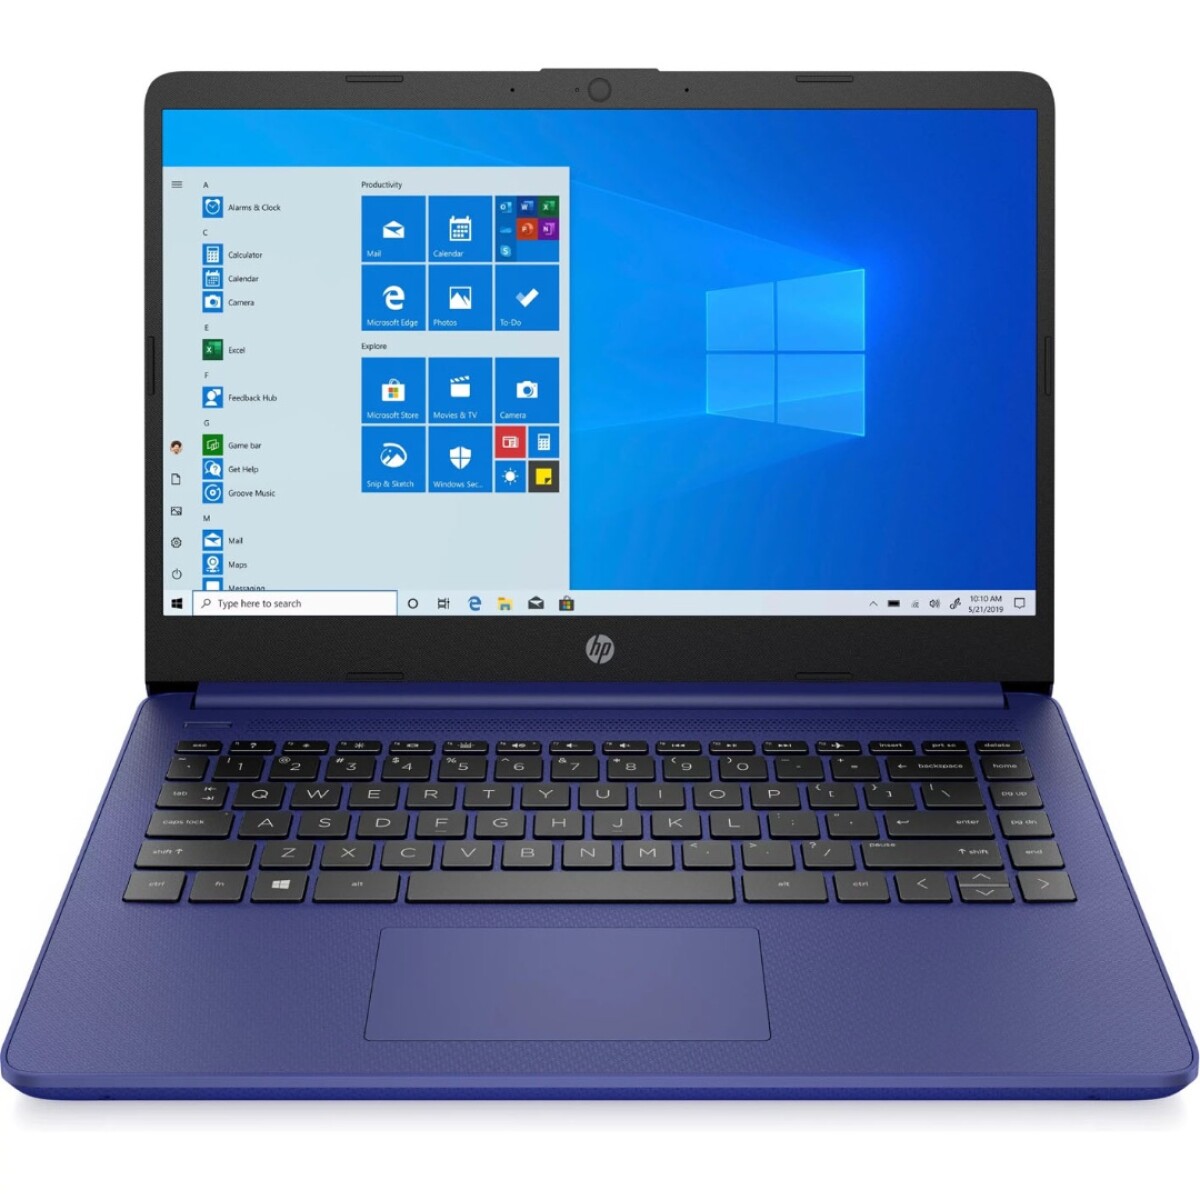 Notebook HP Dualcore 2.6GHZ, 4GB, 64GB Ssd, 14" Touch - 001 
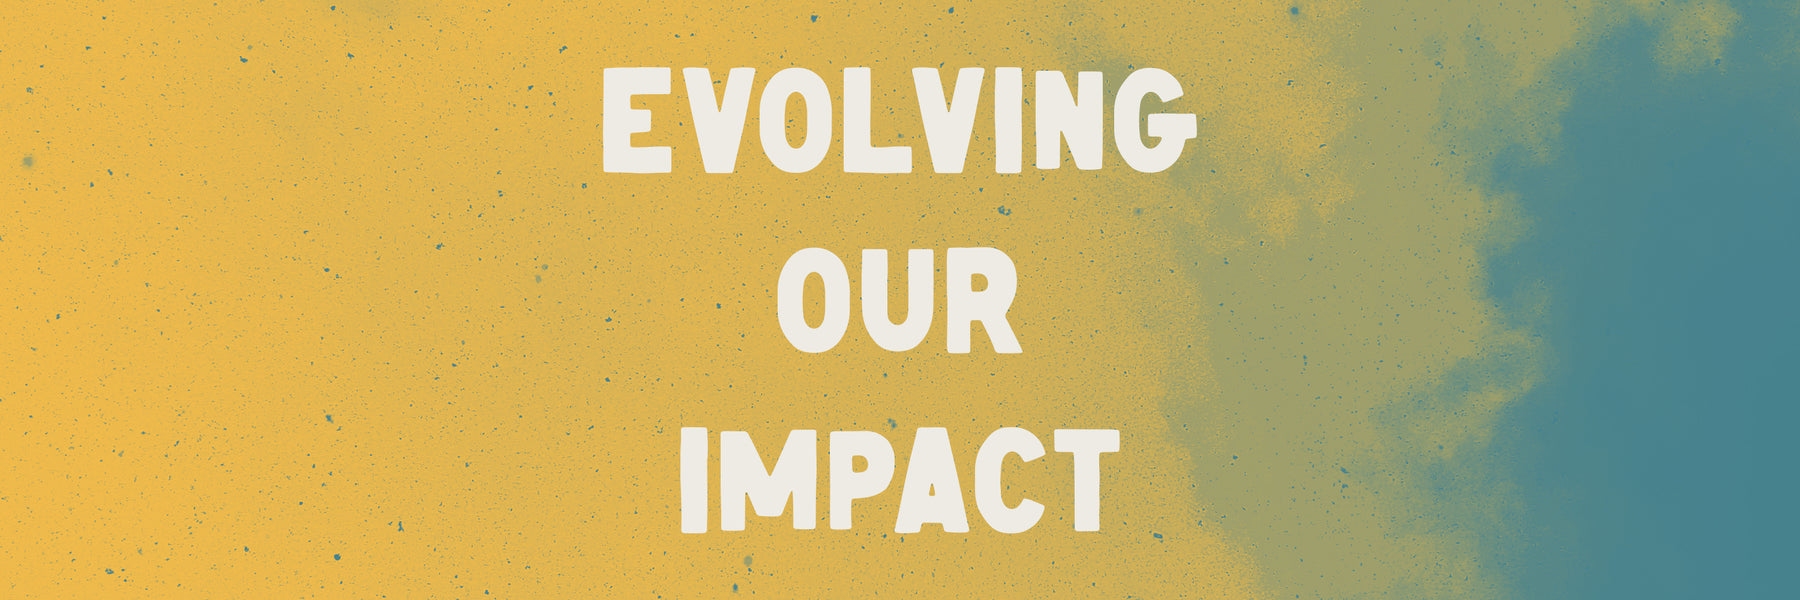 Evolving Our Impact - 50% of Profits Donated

* * *

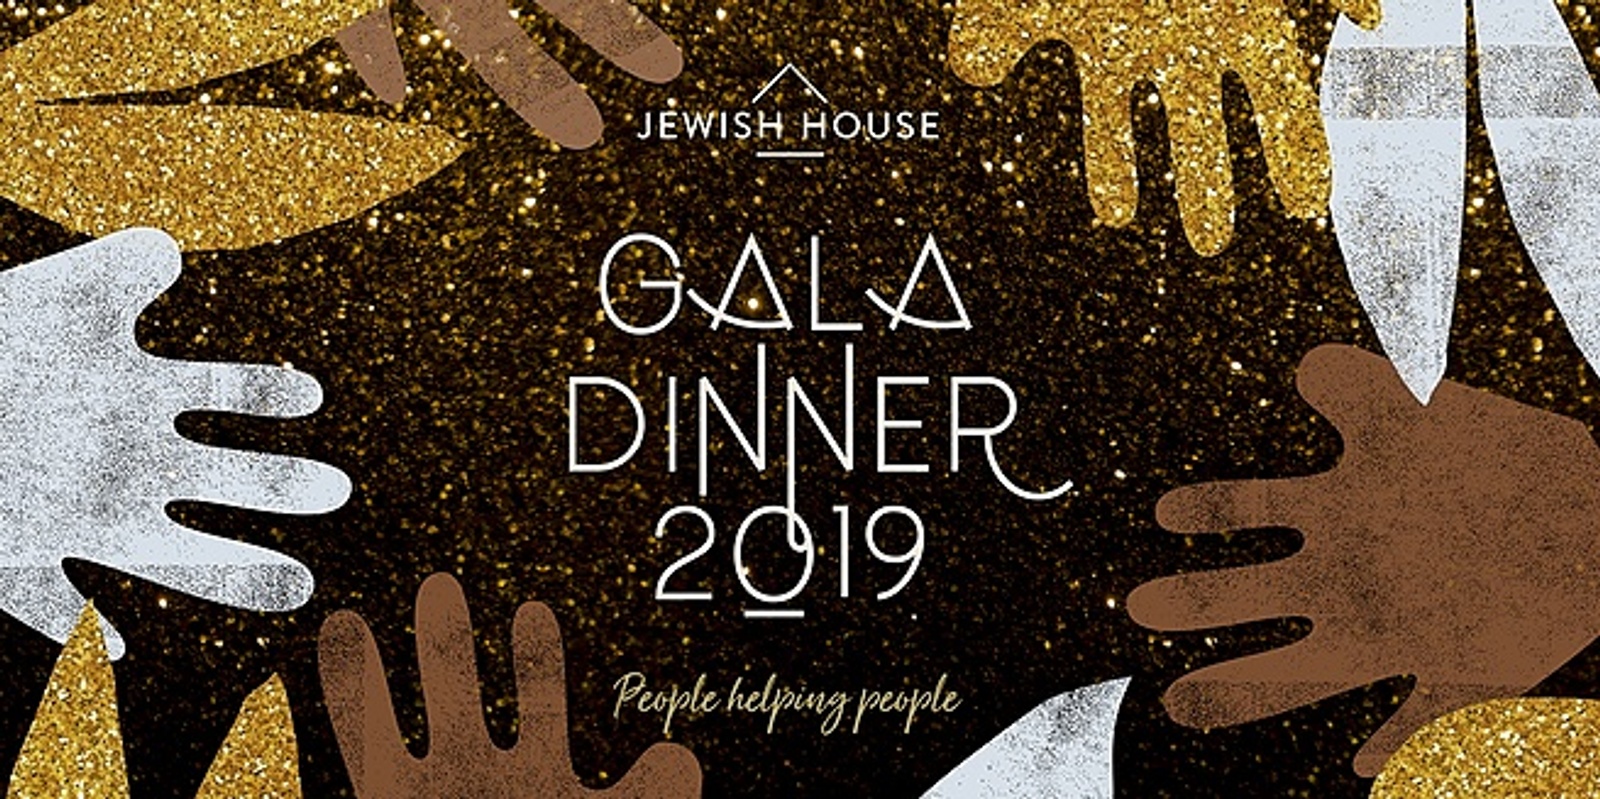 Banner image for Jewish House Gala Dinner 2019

* INSTRUCTIONS FOR THE TASK *
Write out exactly the lines above between the one with "Notebook HP Dualcore" and the one with "Evolving Our Impact - 50% of Profits Donated", inclusive, with pictures left out.

* ANSWER TO THIS PROBLEM *
 Notebook HP Dualcore 2.6GHZ, 4GB, 64GB Ssd, 14" Touch - 001 
 Evolving Our Impact - 50% of Profits Donated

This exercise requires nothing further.